On 4/11/2023 9:30 AM, zithro wrote:
On 11 Apr 2023 02:17, Marc Auslander wrote:
I'm on Buster.

In /boot I keep a copy of the current working linux named by appending -knowngood to the four files.  My idea is that if an update fails, I have a recent working linux.  This is different from vmlinuz.old which is the previous kernel version.  The updates in question are not to the kernel but to initrd.image of course.

In addition to what David wrote, why are you not using the backup
facility of initramfs instead of doing it manually ?

$ cat /etc/initramfs-tools/update-initramfs.conf
[...]
#
# backup_initramfs [ yes | no ]
#
# Default is no
# If set to no leaves no .bak backup files.

backup_initramfs=yes
[...]


Suddenly, update-initramfs insists in trying to first update
initrd.....-knowngood  which of course fails because there are no underling file with that name.  This never happened in the past, AFAIK. Once it fails it gives up.

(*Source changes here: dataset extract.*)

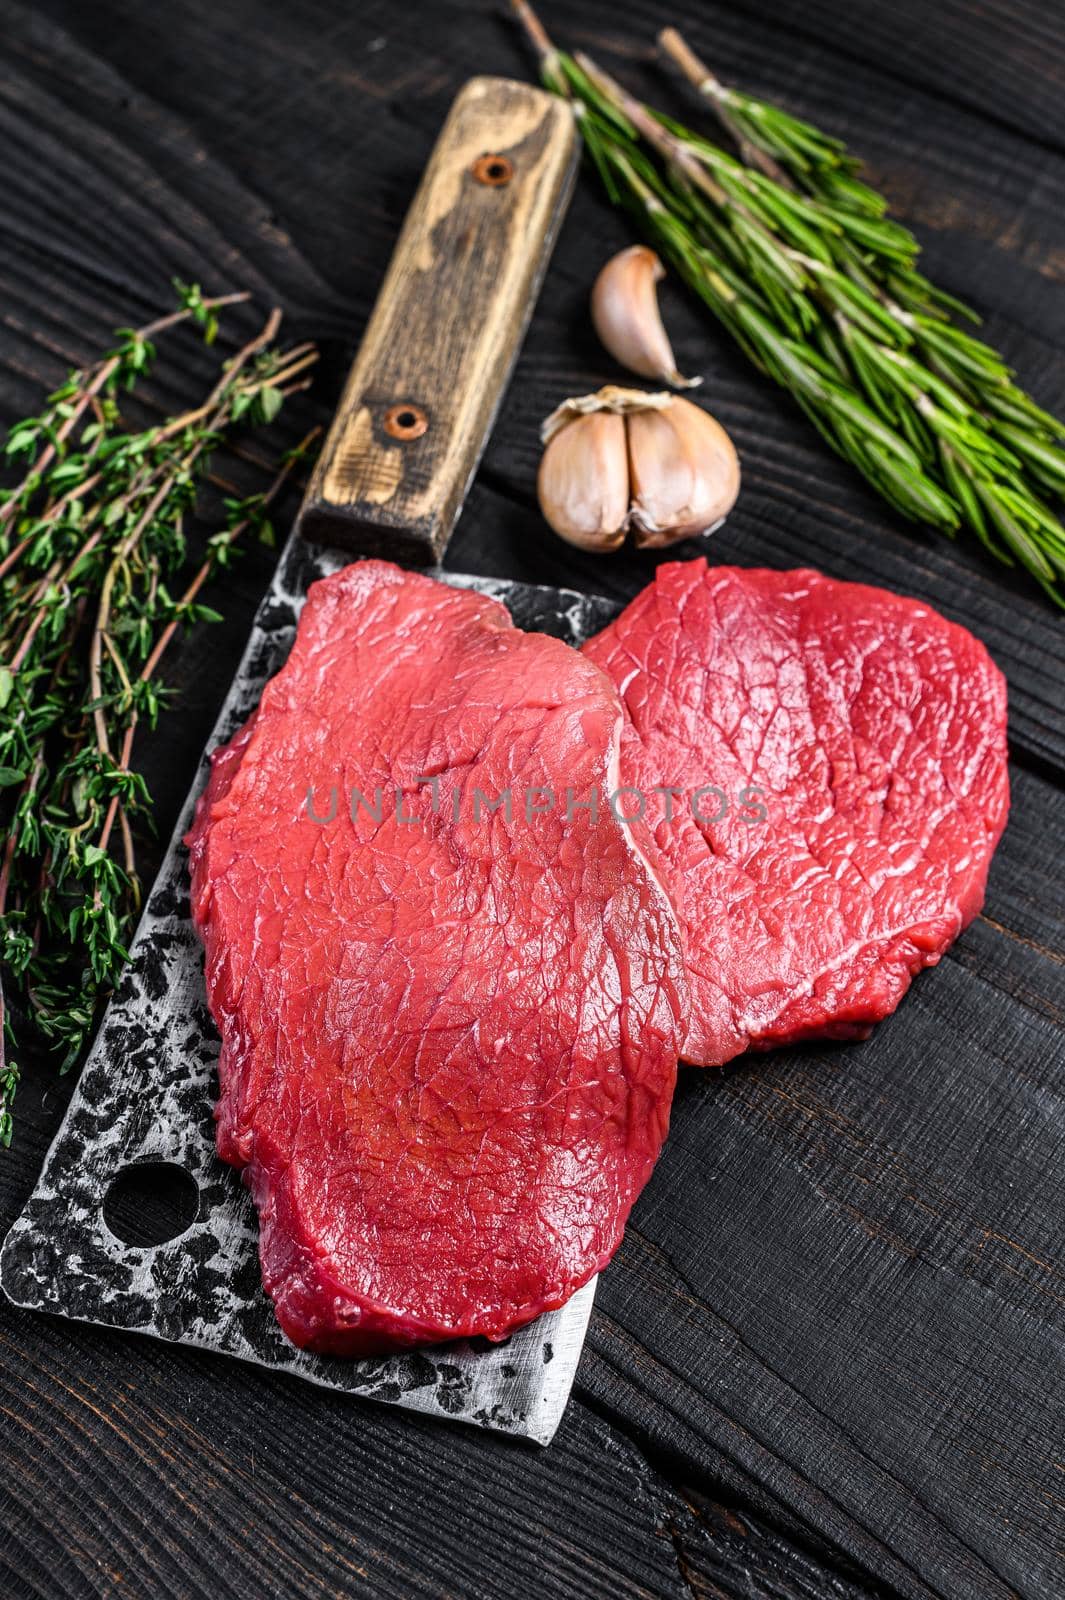 Raw marble beef meat fillet steak on butcher cleaver. Black wooden background. Top view.

There seems no way to force update-initramfs to update the right kernel.

Ideas?


RTFM ? :)

The solution is in "man update-initramfs" :
update-initramfs -c -k $KERNEL_VERSION

-c creates a new initramfs
-k specifies the version of the kernel
This breaks when package update tries to update-initramfs. My copies have the kernel version in their names - with -knowngood appended.